American TV soap opera (Dec 1980)

Martha Scott, Jordan Christopher (foreground); Lorenzo Lamas, Linda Hamilton, Jim Youngs, Doran Clark, Daniel Zippi (second row)

Secrets of Midland Heights is an American nighttime soap opera produced by Lorimar Productions after the success of Dallas. It ran on CBS from December 6, 1980, to January 24, 1981, for eight episodes, with three episodes left unaired.

==Series overview==
Secrets of Midland Heights was aimed at the teen audience, and featured romantic triangles and secrets among the teens and their parents who populated a fictional midwestern college town called Midland Heights. Aired on Saturday night at 10 pm EST/9 pm Central, the series never found an audience and was canceled after eight episodes.

The show resembled a dark, 1980s-style Peyton Place, both dealing with hidden secrets and scandalous affairs in a small town.

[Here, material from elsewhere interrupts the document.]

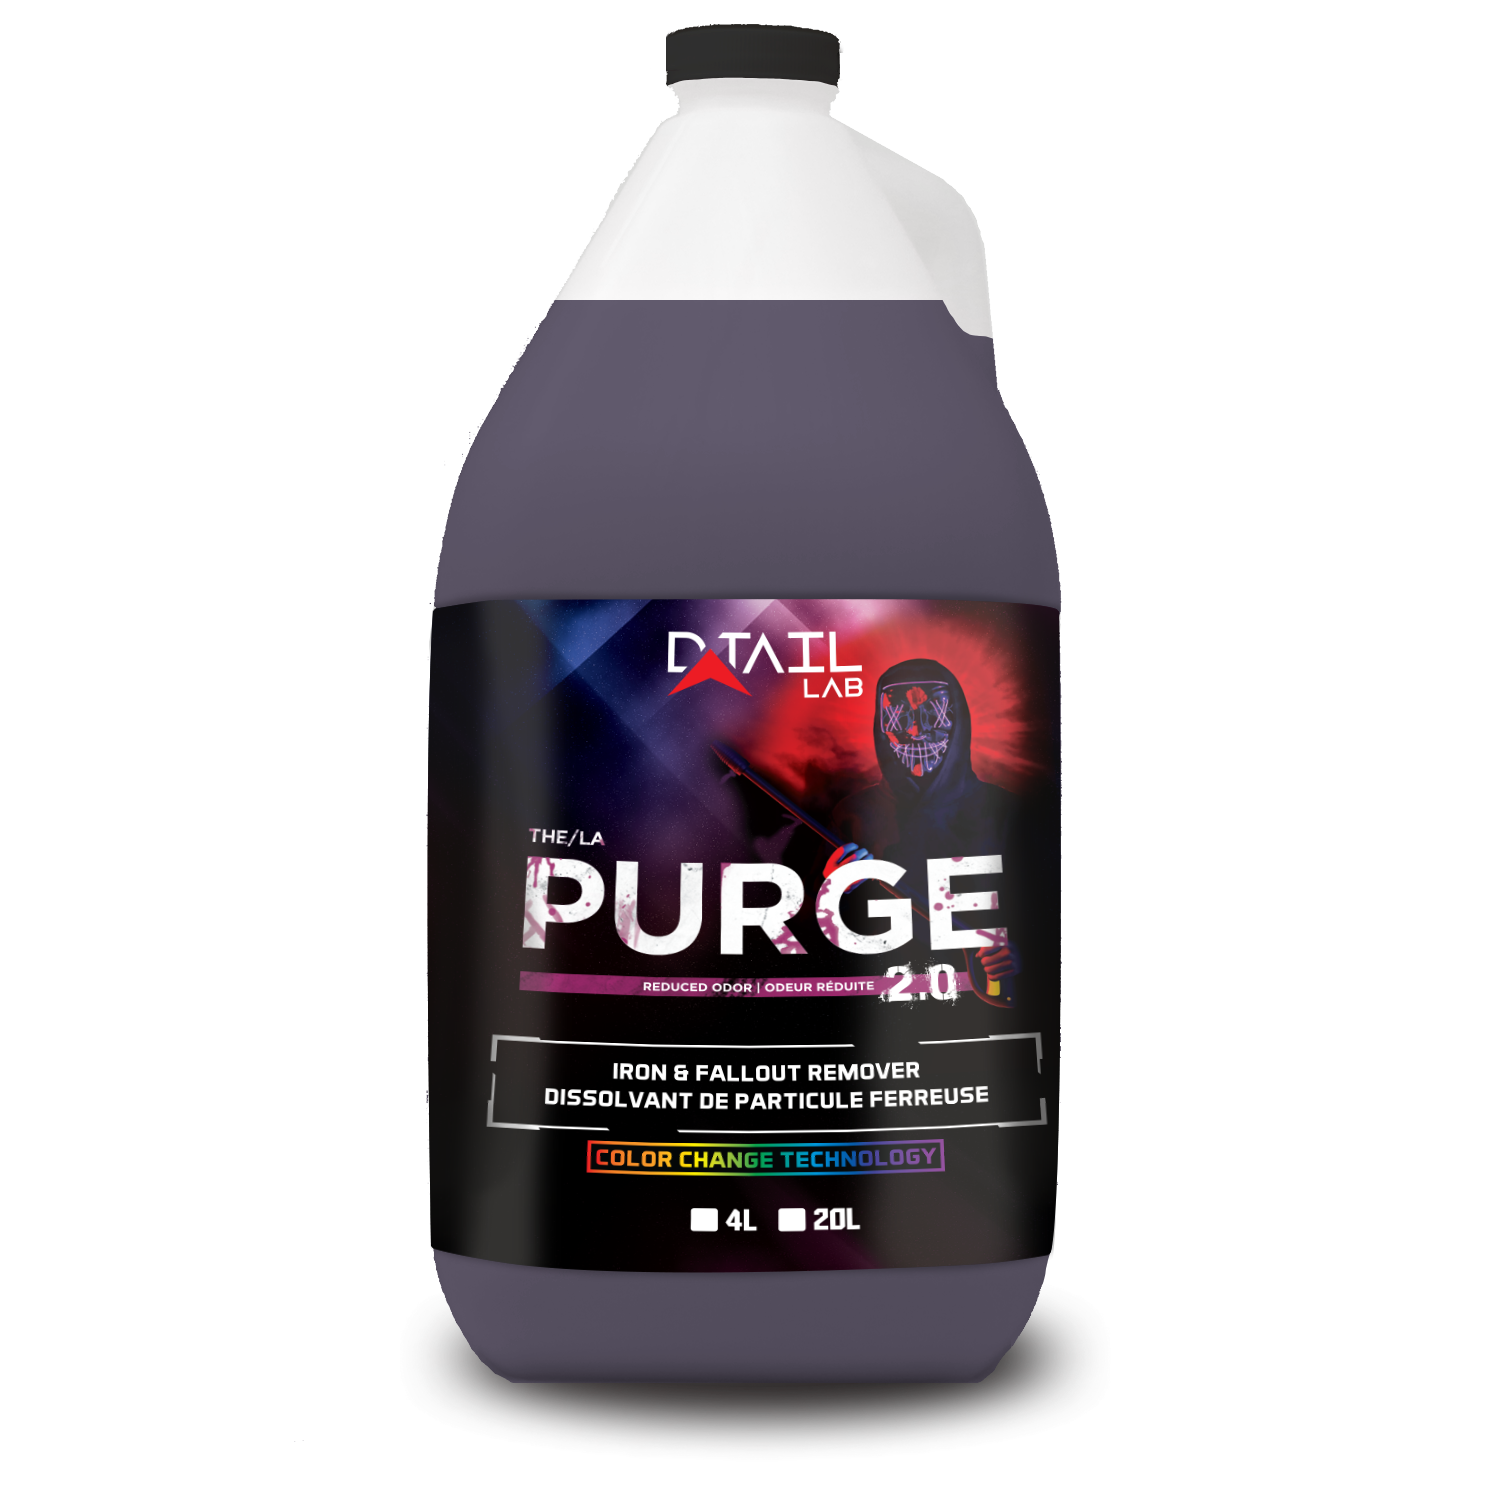 D-TAIL LAB PURGE pH 中性除铁剂

Lisa Rogers (Linda Hamilton) juggled relationships with both college jock Burt Carroll (Lorenzo Lamas) and fratboy Mark Hudson (Bill Thornbury, in a recurring role), good girl heiress Ann Dulles (Doran Clark) secretly dated high school dropout John Grey (Jim Youngs), Holly Wheeler (played by Linda Grovenor in the pilot, and subsequently by Marilyn Jones) wanted to lose her virginity to her boyfriend Teddy Welsh (Daniel Zippi), but the teens were shocked to discover her mother Dorothy (Bibi Besch) was having an affair with Teddy's father Nathan (Robert Hogan), a widowed professor at the college.

There were also power struggles between the wealthy Millington family, one of Midland Heights' founding families, consisting of the widowed Margaret and her son Guy, and the equally wealthy and powerful Wheelers.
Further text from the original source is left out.